The American Red Cross is on the ground in California, ready to help as heavy rains move into the state and millions of people face the threat of flooding. Hundreds of disaster workers and trailers of relief supplies are in California now and the Red Cross is prepared to help where needed. The Red Cross is closely monitoring the weather and coordinating with local emergency management personnel. We are ready to respond and open additional shelters if needed.

In southern California, millions of people are under flash flood watches as a storm moves in with snow, strong winds and heavy rain bringing the threat of flooding and mudslides.

In northern California, as much as a foot of rain threatens the region around the Oroville Dam emergency spillway where almost 200,000 people evacuated earlier this week when officials feared the spillway would fail. The area remains under evacuation warnings and hundreds remain in Red Cross and community shelters. While many people returned home, some decided to stay in the shelters for now. Thursday night, more than 420 people remained in 3 Red Cross and community shelters.

Currently hundreds of disaster workers are providing shelter, meals and comfort, and relief supplies are in place to support thousands of people. Red Cross health and mental health service volunteers have already provided about 1,000 services to those with medical conditions such as helping replace medications. Ten Red Cross emergency response vehicles are on the scene to help provide meals and snacks. The Red Cross and its partners have provided more than 17,000 meals and snacks. The Red Cross is standing by to help for as long as needed.

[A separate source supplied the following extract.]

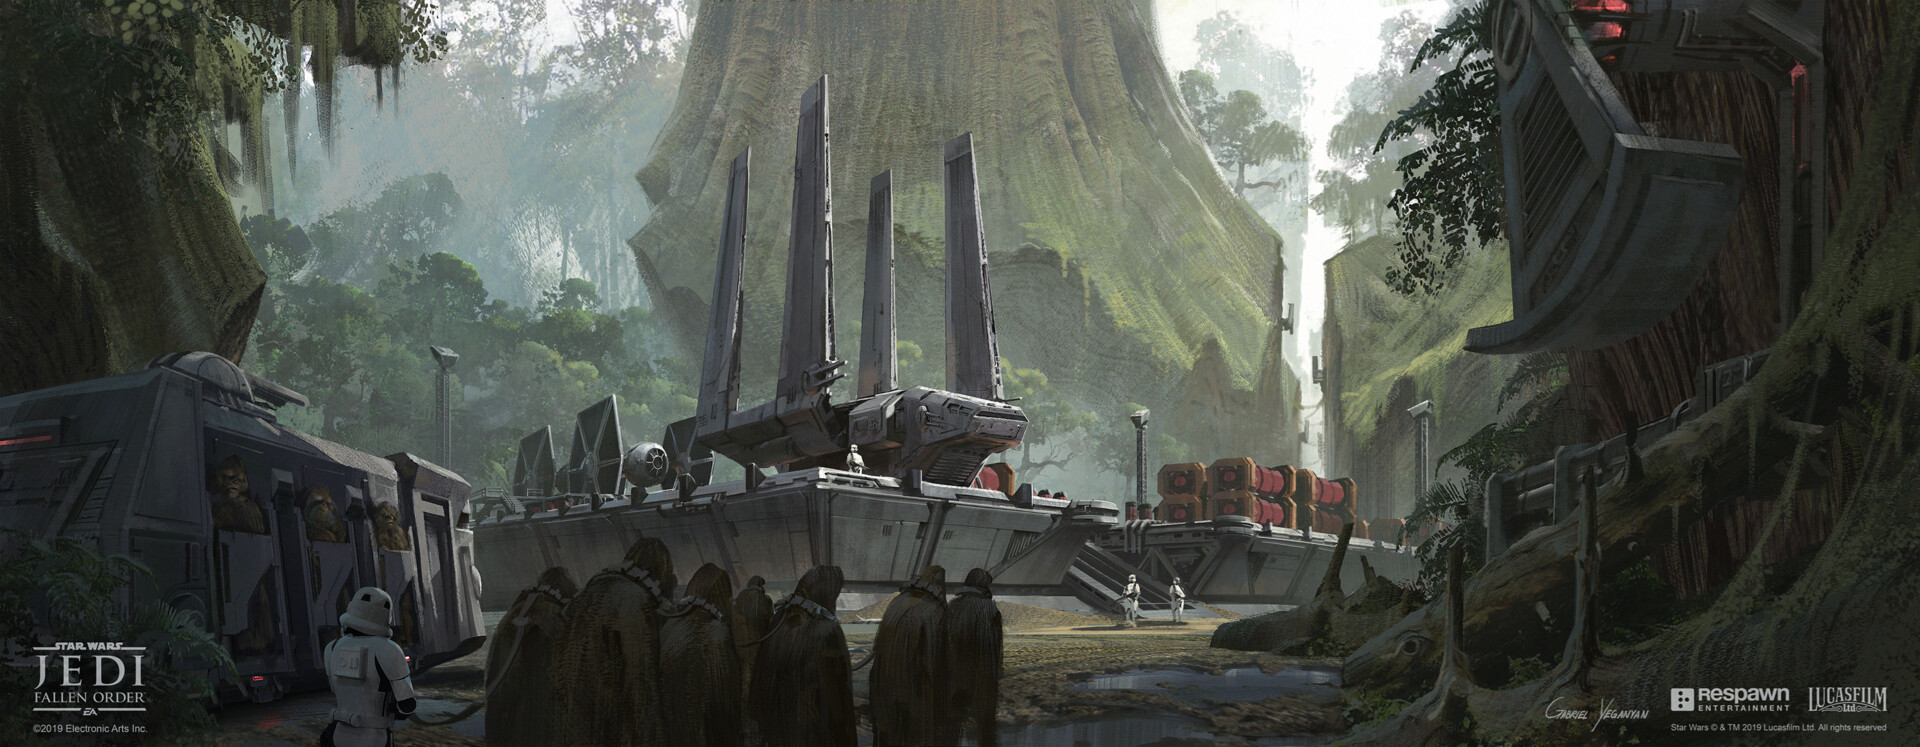 gabriel-yeganyan-imperial-landing-px-wip

As of February 15, 2017 our current best estimate is that the Red Cross will spend more than $1 million helping people affected by the California Floods—and this amount could grow very quickly if the situation worsens. We need the public’s support to help the thousands of people already served, and aid the Red Cross in standing ready should additional evacuations or flooding occur. This cost estimate represents our best estimate at this time and may change upwards or downwards as the situation continues to evolve and more information becomes available. It includes the costs of providing food, shelter, blankets, cots, emotional support, health services and relief supplies. It also includes some of the costs that make relief possible including logistics, staff and technology expenses to support such a significant disaster.

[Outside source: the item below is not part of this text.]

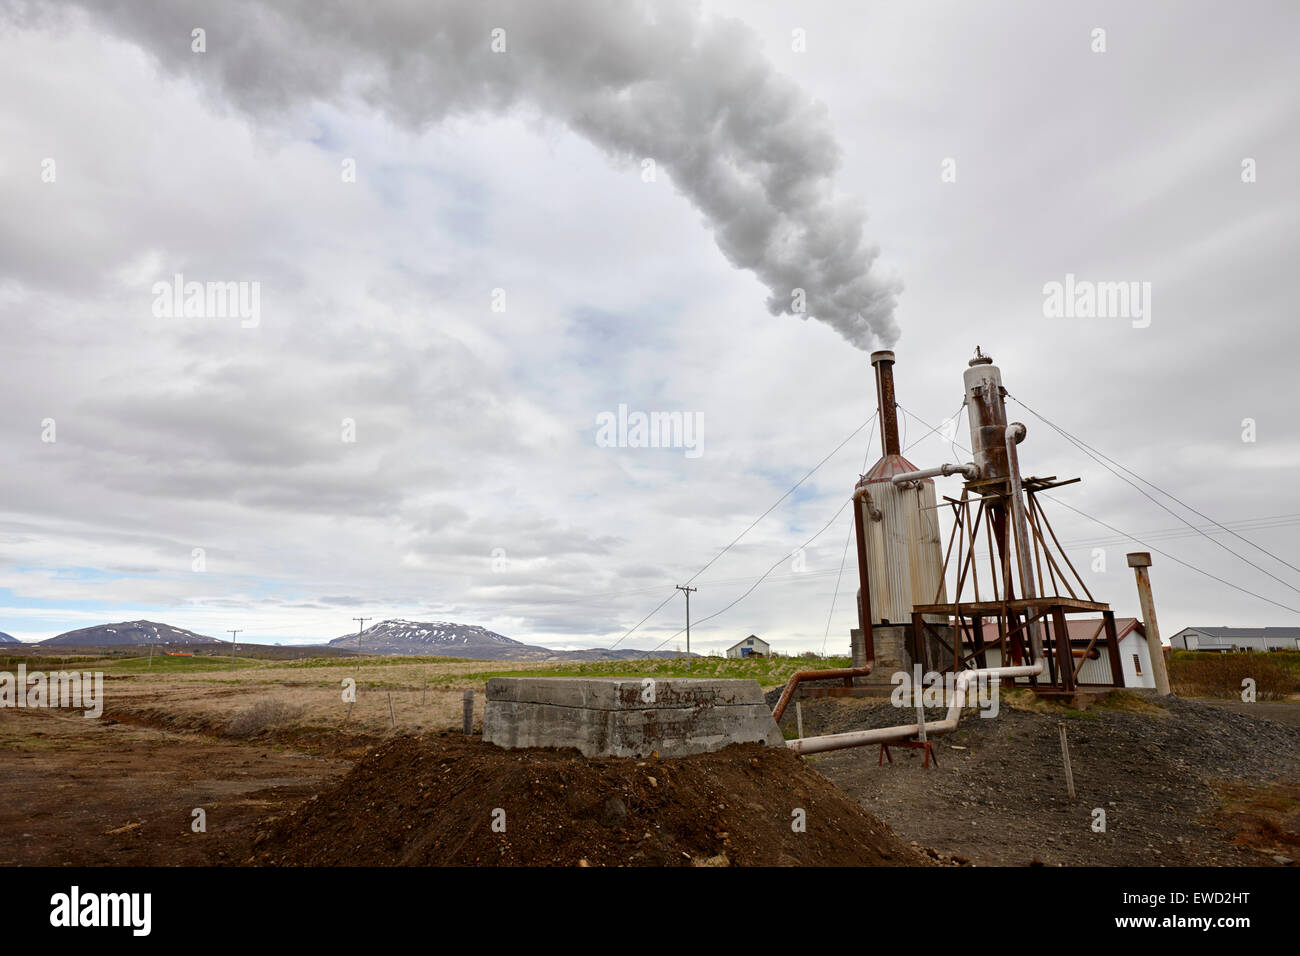 Petite communauté rurale du sud de l'usine d'énergie géothermique en Islande Photo Stock

Staying Safe – Flood Safety

  • Listen to and obey any evacuation orders from officials. Keep informed by listening to local media and be prepared to evacuate quickly.
  • Know the difference between a flood watch and warning. A flood or flash flood watch means either is possible in your area. A warning means flooding is already occurring or will occur soon.
  • When a flood warning is issued for your area, head for higher ground and stay there.
  • Stay away from floodwaters. If you come upon a flowing stream where water is above your ankles, stop, turn around and go another way.
  • If you come upon a flooded road while driving, turn around and go another way. If you are caught on a flooded road and waters are rising rapidly around you, get out of the car quickly and move to higher ground. Most cars can be swept away by less than two feet of moving water.
  • Keep children out of the water.
  • Be especially cautious at night when it is harder to recognize flood danger.
  • Visit the Flood Safety page on the Red Cross website for a comprehensive list of safety and preparedness information.
  • You can also download the Red Cross Emergency App to have safety information available on your mobile device, including emergency weather alerts, safety information and open shelter locations. Red Cross apps are available in smartphone app stores by searching for the American Red Cross or going to

News Reports

California Floods: Red Cross Stands Ready to Respond – Published February 17, 2017
Oroville Dam Spillway: Evacuees Tell Their Stories – Published February 17, 2017


Lunch, consisting of soup and sandwiches, is served at the Silver Dollar Fairgrounds shelter in Chico, CA on Thursday, February 16. Volunteers from the Salvation Army and AmeriCorps prepared and served the meal in the Red Cross managed shelter.

Denise Everhart, Red Cross Division Disaster Executive, meets with Sharon, a client of the Red Cross Oroville Dam evacuation shelter in Chico, CA.

Gail, a Red Cross volunteer, organizes disaster relief items at the Red Cross Oroville Dam evacuation shelter in Chico, CA.

Joe and Eric jam out at the Red Cross Oroville Dam relief shelter in Chico, CA. Eric evacuated his home in Oroville with his guitar and banjo, and was happy to find another musician to play with. “When they told us to take everything, of course I brought my guitar,” Eric lightheartedly shared.

Kate Voss is a Red Cross disaster worker from San Jose, CA. During the Oroville Dam operation Kate has managed the client registration table and sorted and organized shelter supplies, including cots and donated relief items.